I thought for a second it may be cheaper to run my van to a nearby garage and fill the lpg tank, rather than buying red cylinders and putting them in car..

then I woke up 

edited 8O


----------



## 107088 (Sep 18, 2007)

Spellings OK, I'm only a beginner at the Braile keyboard.

Getting better tho', mostly...












Drivings proving more complicated :wink:


----------



## gromett (May 9, 2005)

Thanks Guys,
Thats a shame, the largest insullated tank that CakTanks do is only 70 odd liters.... Means I either have to go for an uninsulated one and do it myself or settle for a smaller one for my Black tank.

Are your waste tanks underslung? if so are they insulated and heated?

thanks for the info 

Karl


----------



## johng1974 (Jan 17, 2007)

hi Karl, 

wastes are underslung, not insulated or heated..


----------



## 107088 (Sep 18, 2007)

What he said. ( I have a Braile Screen for the laptop....    ) 

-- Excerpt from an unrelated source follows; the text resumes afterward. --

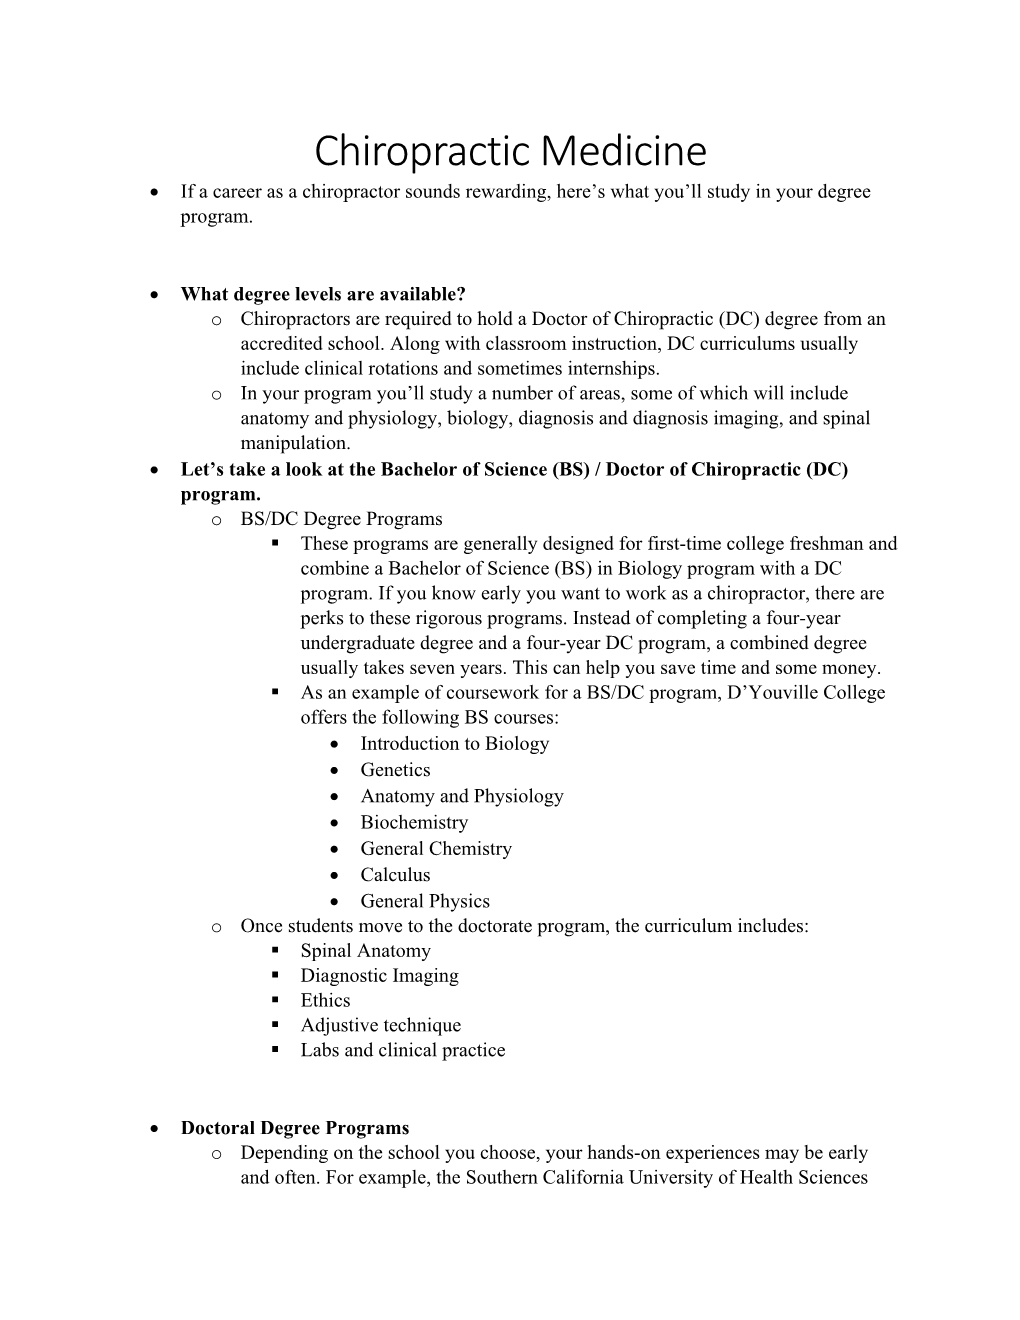 Chiropractic Medicine  If a Career As a Chiropractor Sounds Rewarding, Here’S What You’Ll Study in Your Degree Program

Having said that, I'm not sure I'd want a heated black tank.......nope, certain of that, warm piddle and poo smells.....no deffo not.


----------



## johng1974 (Jan 17, 2007)

bet your braille cant make that out!


----------



## gromett (May 9, 2005)

Don't the waste tanks freeze in winter then?

Karl


----------



## olley (May 1, 2005)

Hi Karl yes! mines supposedly winterised, black and grey in the heated double floor, water in two tanks, one in the floor the other next to it in an insulated side locker.

Olley


----------



## gromett (May 9, 2005)

So, When they freeze how do you empty them ?

Karl


----------



## johng1974 (Jan 17, 2007)

dont know Carl, never happened to me yet.. 2 winters so far.. 

maybe its the cheap red wine, anitfreeze or something 8O


----------